» DATA PROVIDED
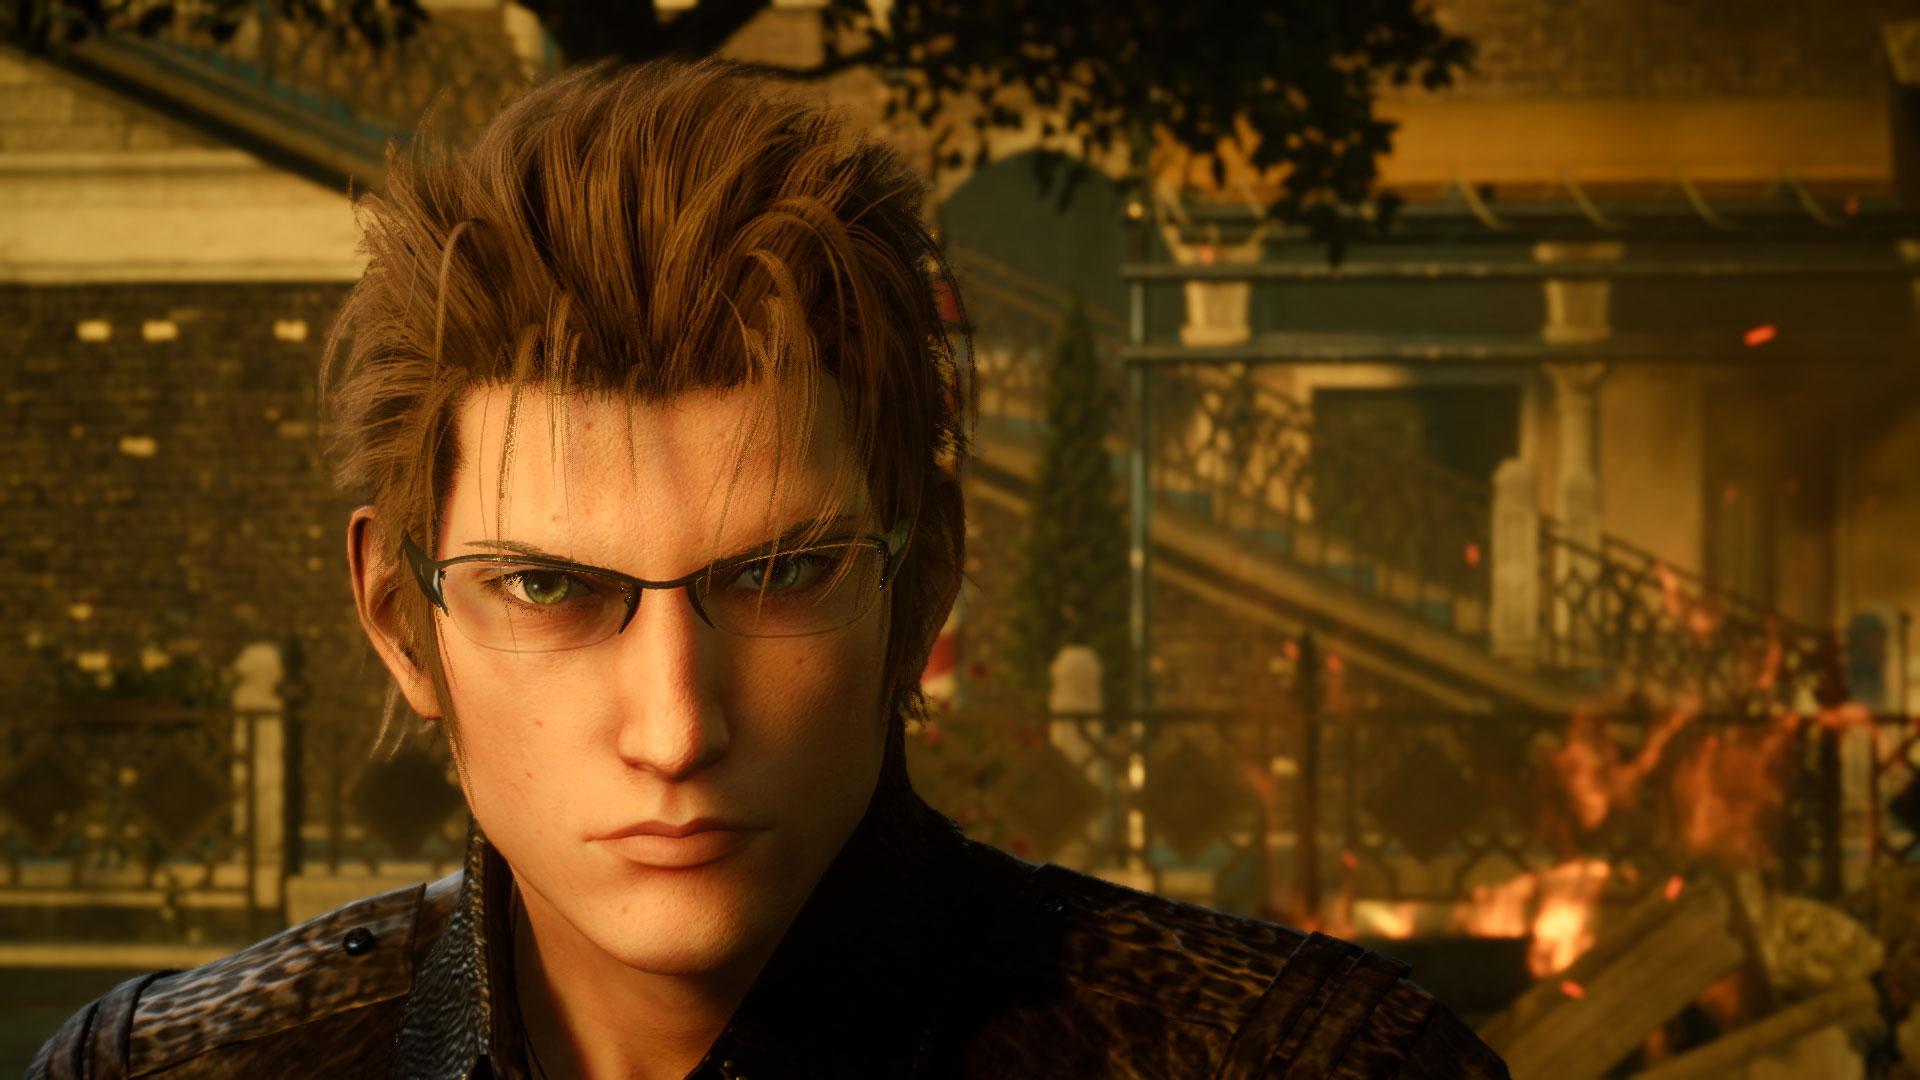 Final Fantasy XV: Episode Ignis - X35 Earthwalker
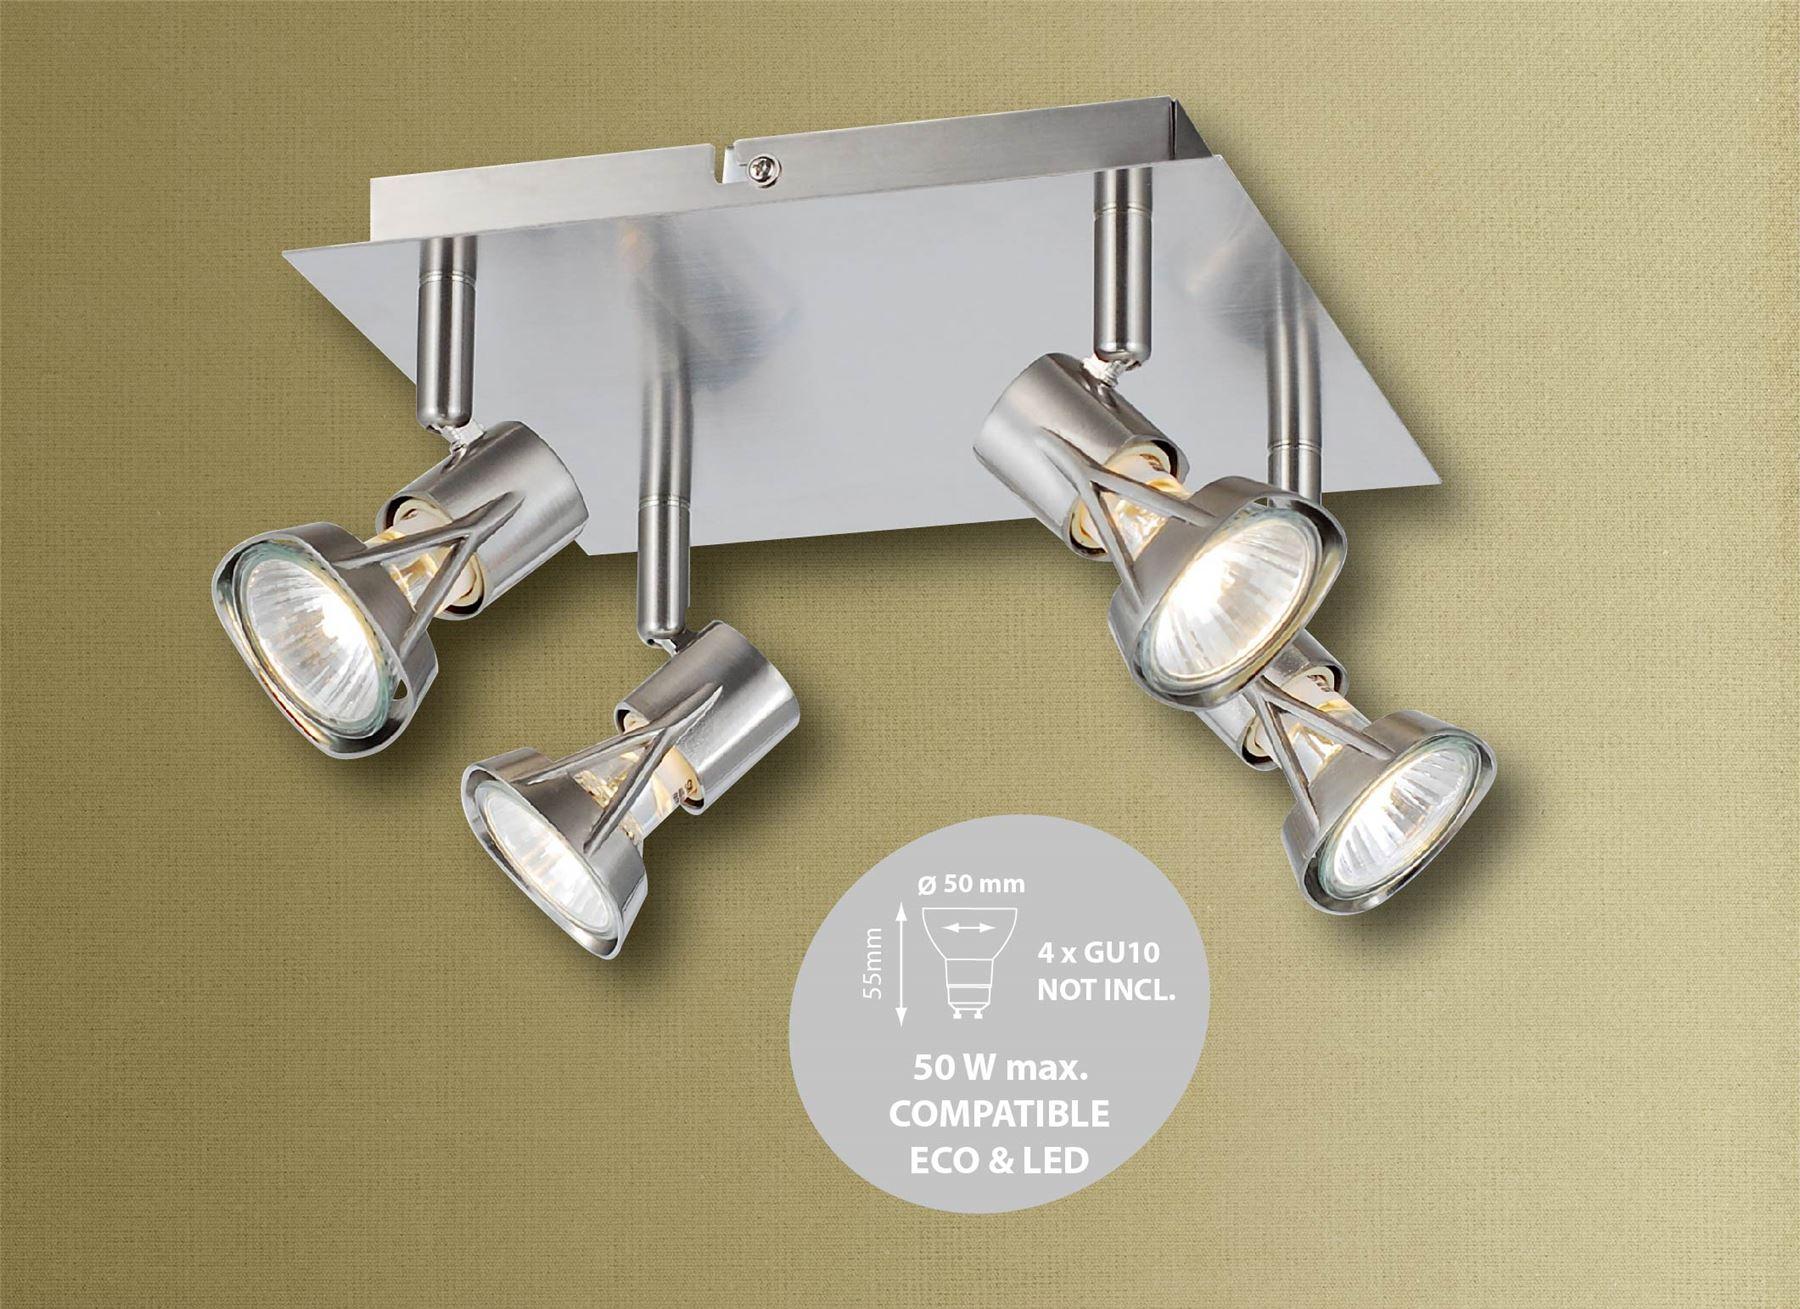 1 2 3 4 Way Spotlight Bar Die-Cast Lamp Cap Ceiling Light GU10 in Satin
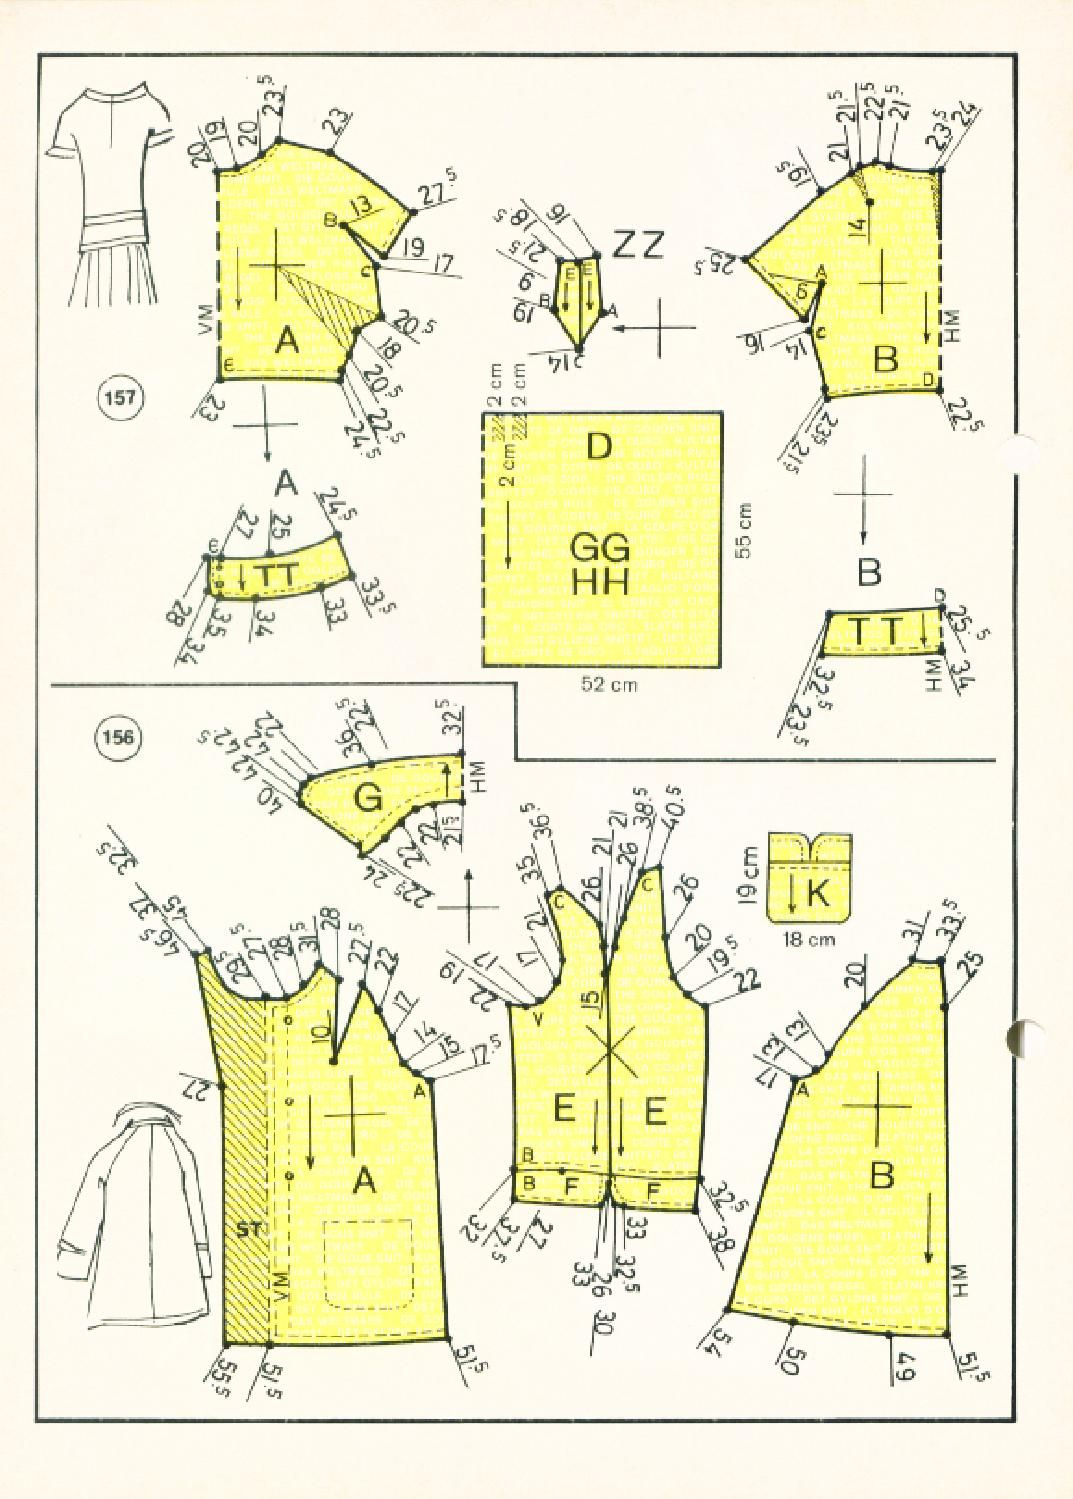 Vintage Sewing Patterns 127 winter 1972 Patternmaking | corte de oro ...

» PROBLEM TO SOLVE
Your reply should hold every line of the material, unaltered, and not one picture.

» SOLVED EXERCISE
 Final Fantasy XV: Episode Ignis - X35 Earthwalker
 1 2 3 4 Way Spotlight Bar Die-Cast Lamp Cap Ceiling Light GU10 in Satin
 Vintage Sewing Patterns 127 winter 1972 Patternmaking | corte de oro ...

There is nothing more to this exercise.